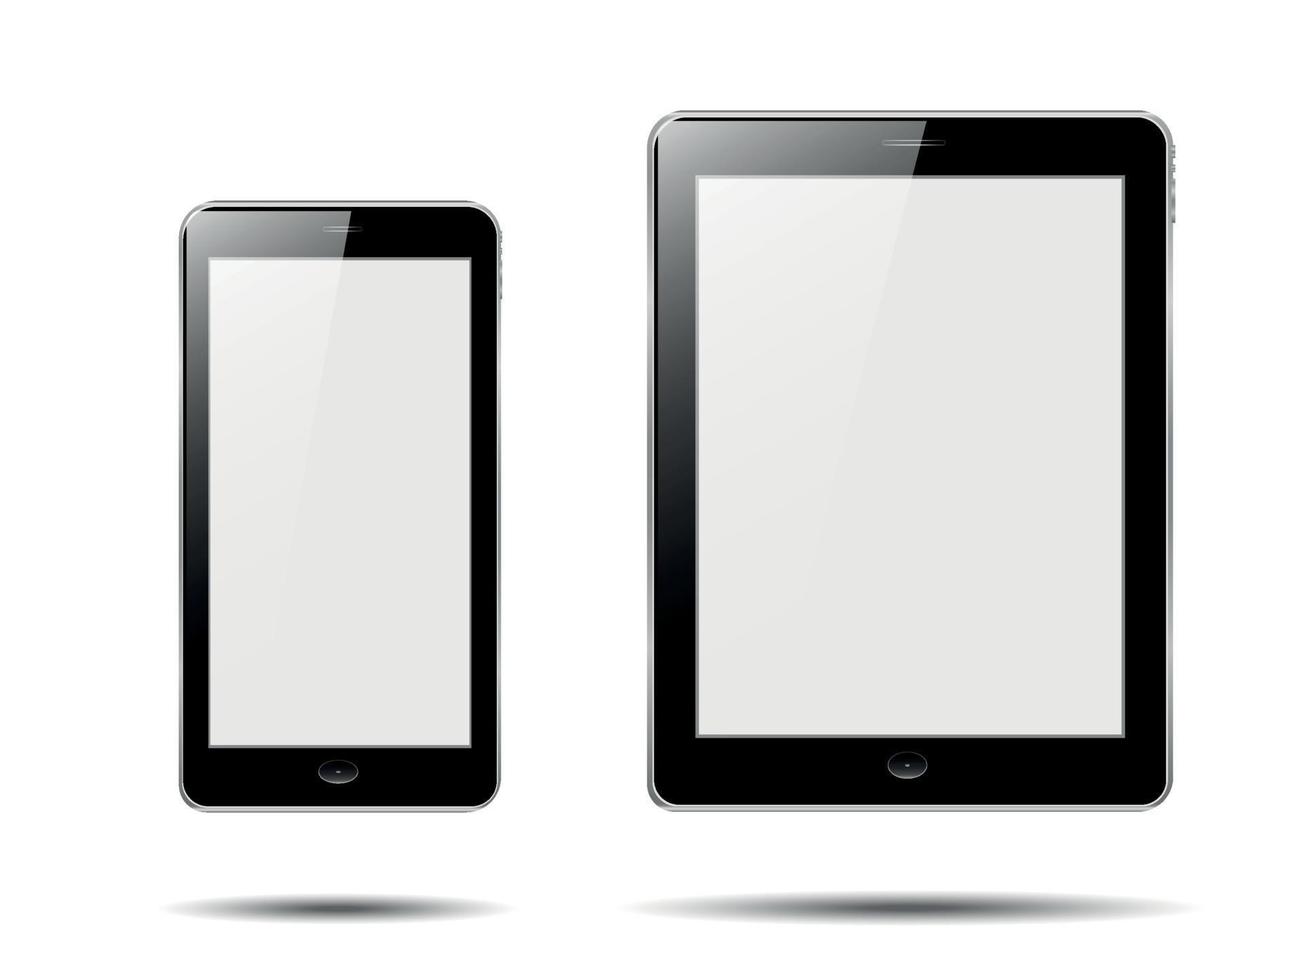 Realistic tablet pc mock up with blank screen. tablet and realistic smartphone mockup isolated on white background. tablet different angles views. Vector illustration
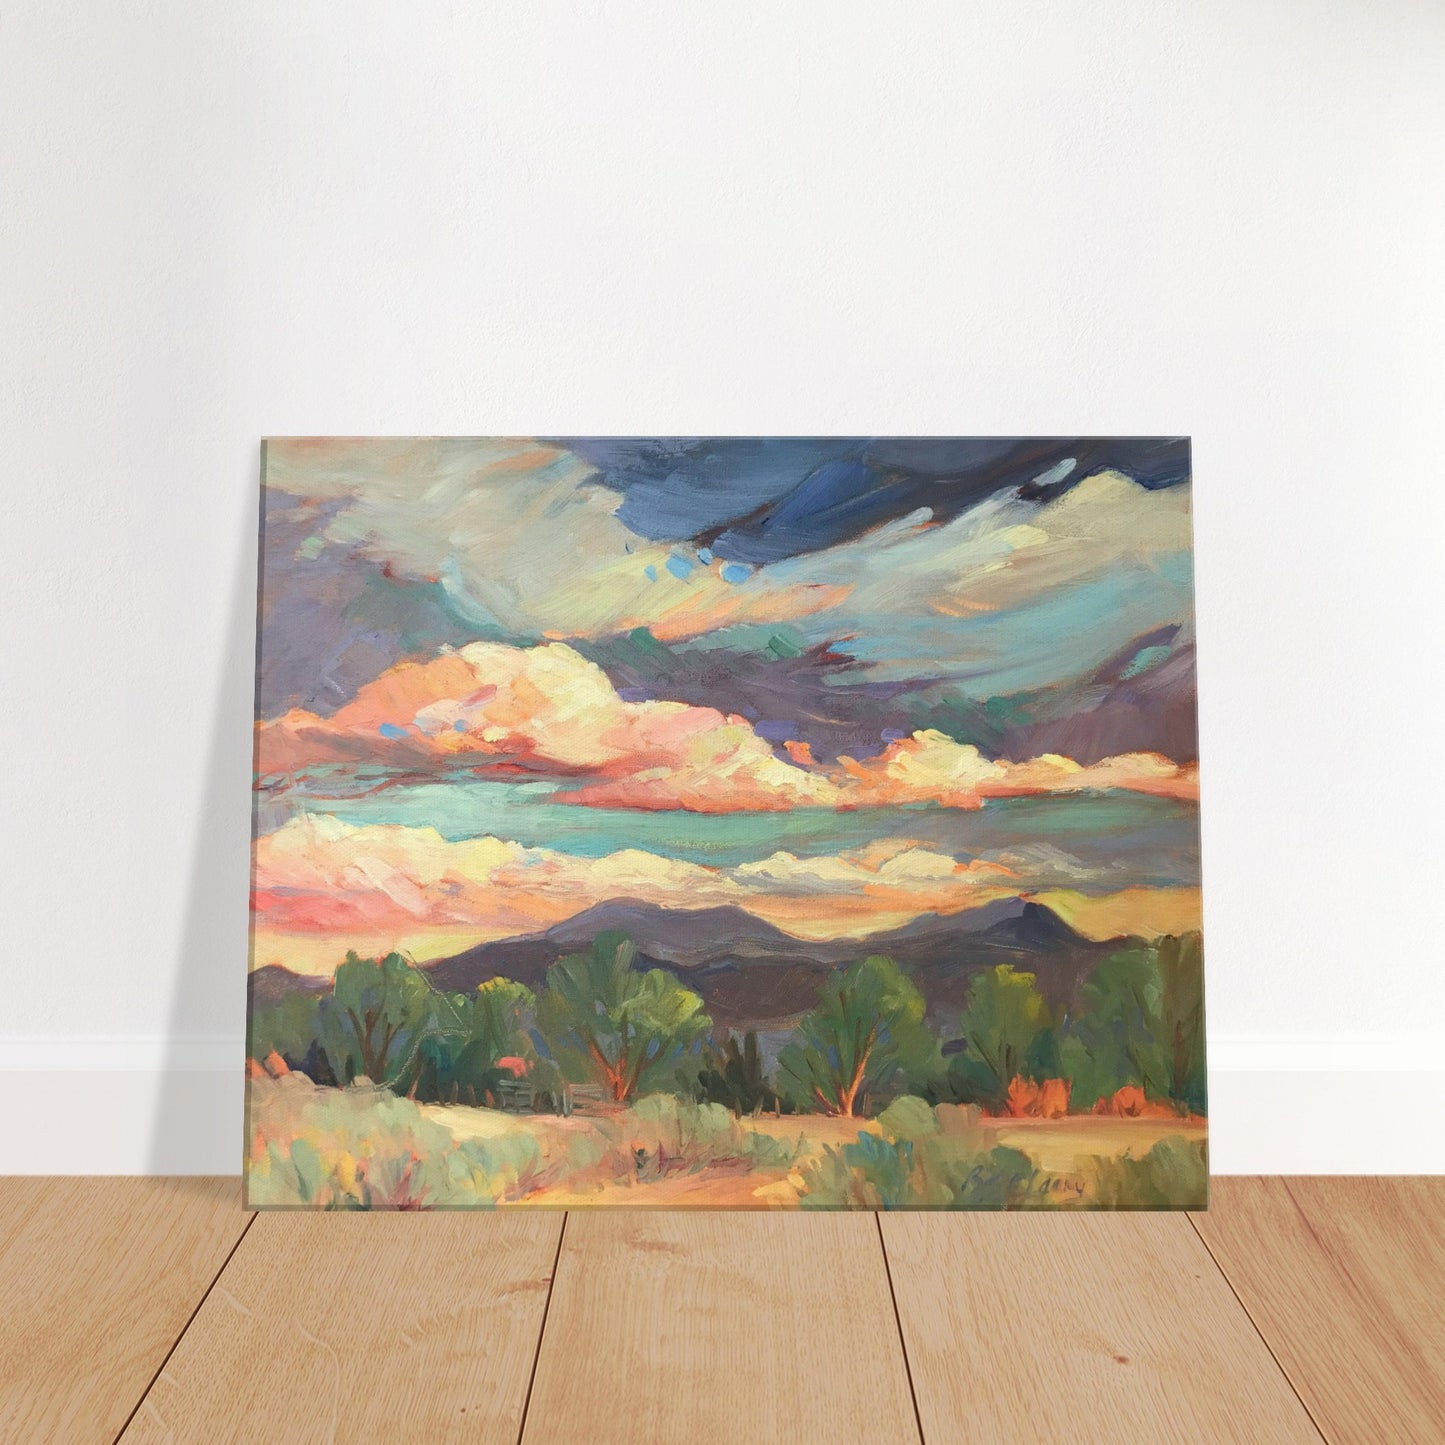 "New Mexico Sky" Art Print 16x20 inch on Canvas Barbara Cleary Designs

-=-=-=-=-

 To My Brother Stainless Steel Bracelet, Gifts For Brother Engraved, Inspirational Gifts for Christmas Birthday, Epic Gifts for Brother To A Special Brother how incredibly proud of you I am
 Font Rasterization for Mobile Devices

-=-=-=-=-

> [PROBLEM DESCRIPTION] Please return the data above exactly as it stands from the line with "Realistic tablet pc" to the line with "Barbara Cleary Designs", keeping both of those lines but none of the pictures.

> [RESULT FOR THIS TASK]
 Realistic tablet pc mock up with blank screen. tablet and realistic smartphone mockup isolated on white background. tablet different angles views. Vector illustration
 "New Mexico Sky" Art Print 16x20 inch on Canvas Barbara Cleary Designs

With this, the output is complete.